If the barrel is 4140 chrome moly with a RC range of 30-35 it sounds like they did it within standard range, not too soft or hard. If it is any harder it gets into brittle range which could turn the barrel into a fragmentation grenade instead of bulge under too much pressure.
I know absolutely nothing about this stuff but google is my guide
Comments from several sources.
Most barrels for use on hunting rifles and in military firearms are made from a high alloy Chrome Molybdenum steel of the sort used in high stress components such as truck axles, conrods and such. In the United States these steels are designated as 4140, 4150 and 4340 types
(I had an unfortunate hard slam encounter with a curb and bent an axle shaft in my mustang. Wonder what grade of steel it is? Destroyed the aluminum mag shaving a inch thick and 3 foot long blade off the rim. )
Rc 32, the upper end of the hardness range that still readily permits the types of machining operations involved in making barrels.
Elasticity must be maintained in gun barrels, and the range of 26-32 Rc (Rockwell C scale) hardness has been determined as the appropriate, safe tradeoff
Tensile strength and hardness affect barrel performance. Tensile strength is the force required to break a steel rod one inch in cross-sectional area by pulling at both ends. Generally, hardening steel increases its tensile strength. But a tensile rating of 100,000 pounds for a rifle barrel is worthless if the steel is so hard it's brittle. A hardness of 25 to 32 on the Rockwell C scale has proven a useful compromise.
Generally speaking, the tensile strength of a steel can be increased by hardening it. But as the hardness is increased, so the steel becomes more brittle and it becomes more susceptible to fracturing from a hard knock or sharp impact - or setting off a small explosion inside a tube of the stuff! A trade off must therefore be made of tensile strength against impact strength and for barrel steel the resultant hardness settled on is usually between 25 and 32 on the Rockwell C scale.
Quick summary of checks I have made over the years:
Older vintages of military Mauser barrels and early 1903 Springfield .30/06 manganese steel barrels around Rc 10.
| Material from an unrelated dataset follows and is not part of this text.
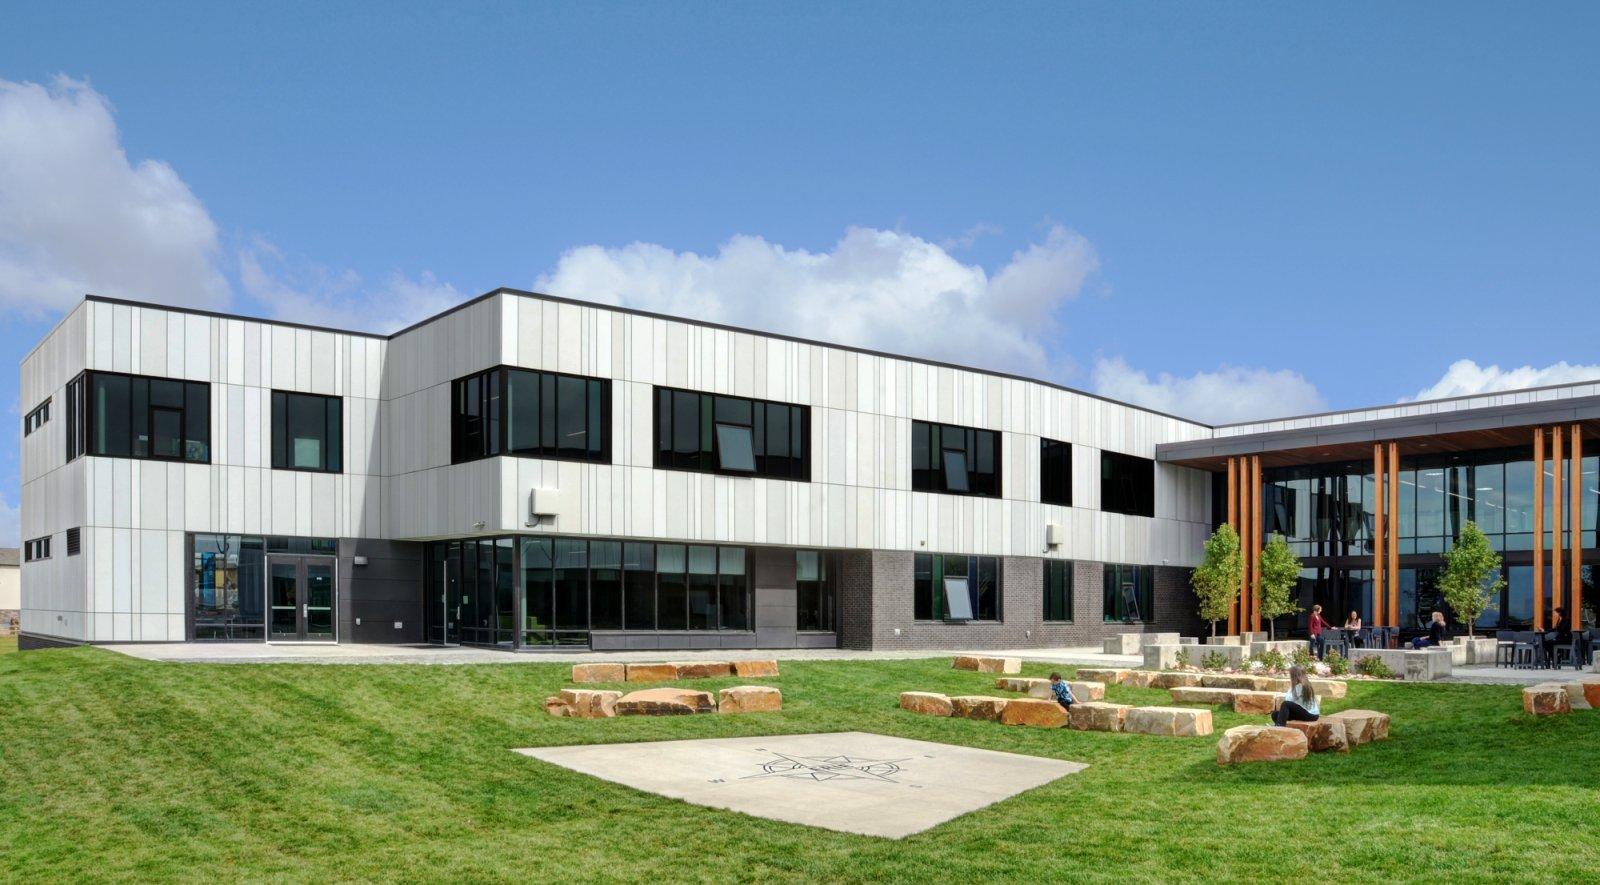 Meadowlark School

Later Springfield .30/06 barrels made from what P.O. Ackley said was "WD4140," WD meaning "War Department", was around Rc17, the average hardness of "normalized," ie, air cooled 4140 steel.
The majority of commercial barrels from Winchester, Remington, Ruger, etc. tested around Rc 24-26, while at the time I tested them, the Savage 110 barrels were right up there at around Rc 30-32.
Shilen barrels at the time were Rc 19 while Douglas was around Rc 25.
Current Shilen barrels run around Rc 29-30.
Most 416 stainless rifle barrels are around Rc 20, +/-.
As you can see, barrel steel hardnesses range all over the planet, over the entire hardness range from dead soft annealed up through about Rc 32, the upper end of the hardness range that still readily permits the types of machining operations involved in making barrels.
an opinion supporting obiwan position
The 4140 used for these barrels have a hardness of Rc 26-32. This is a wide range, thus why some last longer than others. Chromelining has a Rc ~70 and a Combloc barrel Rc ~40 (usually). If these barrels were Rc 30 and chromelined = GTG, but their not.